Figure 2: Pharmacokinetics of vitamin B12 from different sources measured in pigs with an ultrasonic flow probe around the portal vein and a catheter inside the portal vein; values expressed as differences vs. unsupplemented animals; both values for cyanocobalamine alone are effectively 0, i.e not different from unsupplemented pigs (data adapted from Matte. 2011).

These results are also in accordance with retrospective studies in human subjects showing that vitamin B12 status is highly correlated with dairy product intake and studies on the absorption (absorption = entering the cells vs. bioavailability = becoming available in the blood stream) of vitamin B12 from dairy products in older men and women (>60y) by Robert M. Russel et al. (Russel. 2001), who report absorption of up to 65% for milk, which would be almost identical to the generally accepted absorption coefficient for meat products.

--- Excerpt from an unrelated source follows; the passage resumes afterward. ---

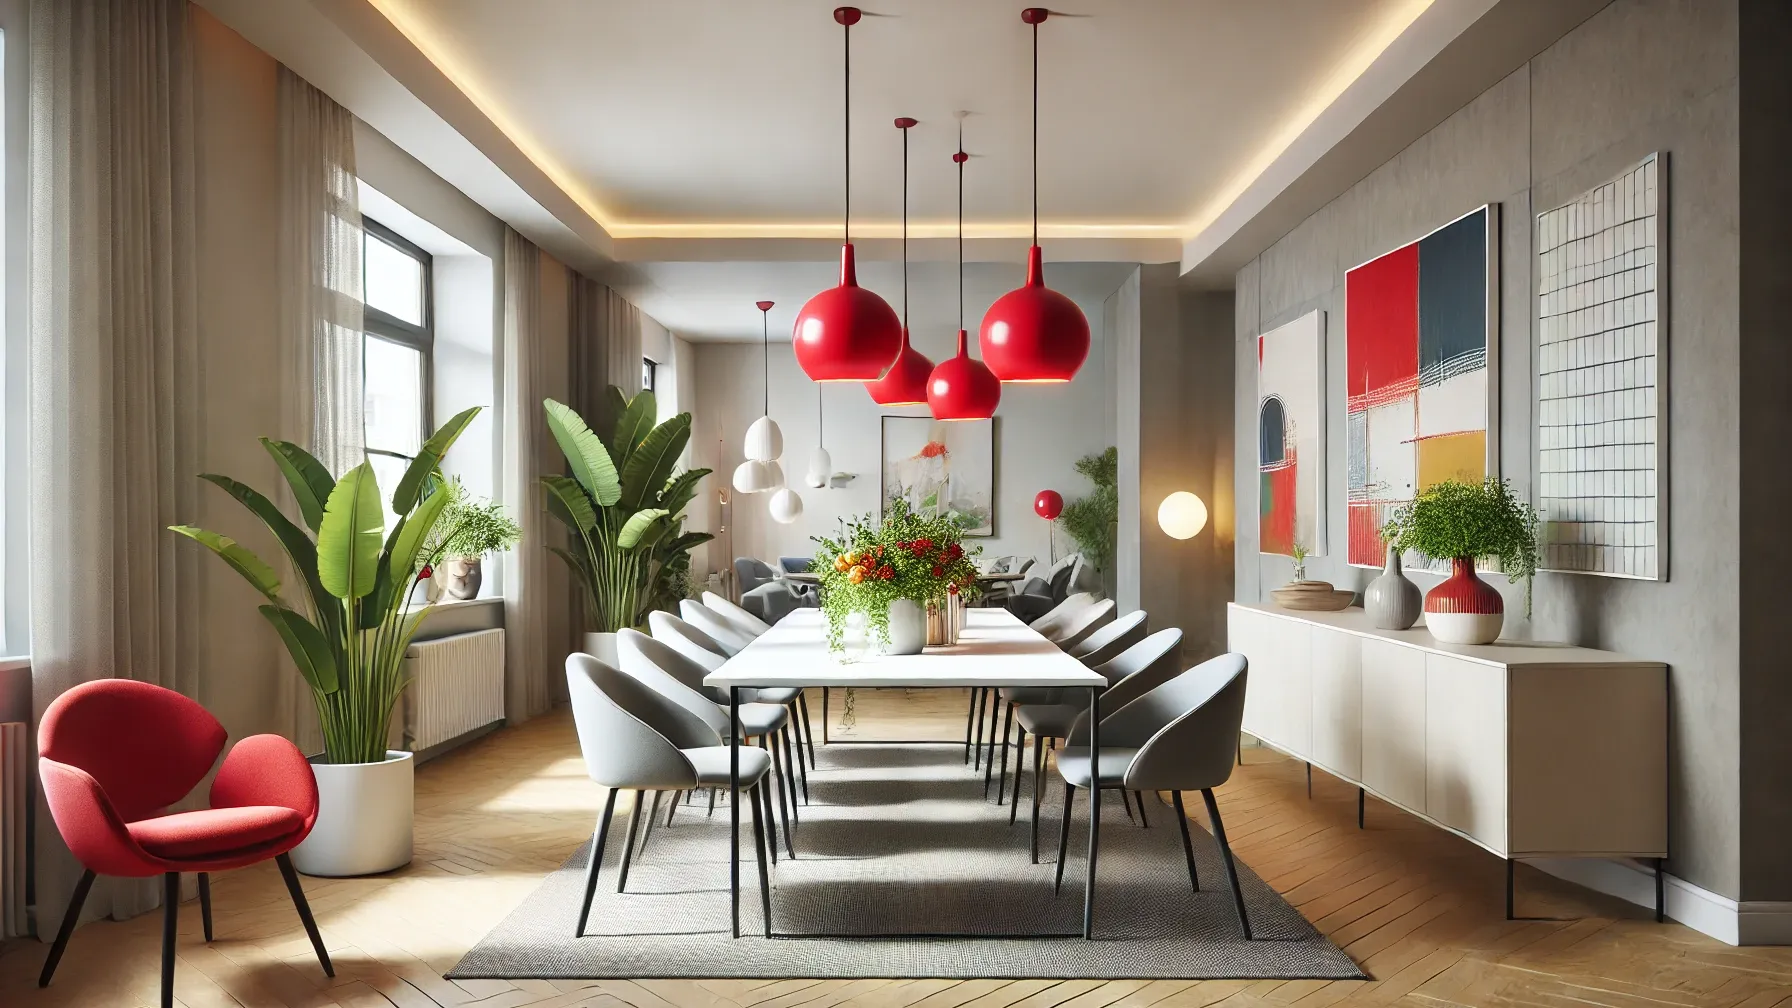 A photorealistic contemporary dining room highlighting the use of accent colors and accessories

Note: Using a pig model Matte et al. were able to actually measure the portal-drained viscera (PDV) flux of vitamin B12, which provides more reliable results than radio-labelling studies, as they were used in Russel et al. It is thus all the more intriguing that the PDV for the unsupplemented diet or cyanocobalamin supplements [...] were not different from 0", or in other words - providing pigs with cyanocobalamine, which is the form of vitamin B12 that is used in most common dietary supplements, had no effect  on serum B12 concentrations, at all.

So, what does this tell you, after all? Well, let me phase it like that: If you have a Ferrari Enzo (milk and meat) waiting for you at the front door (in the fridge), wouldn't it be plain-out stupid to try to chip-tune (add SNAC) the family car (cyanocobalamine)? An the moral of the Story? Eat, don't supplement your vitamins!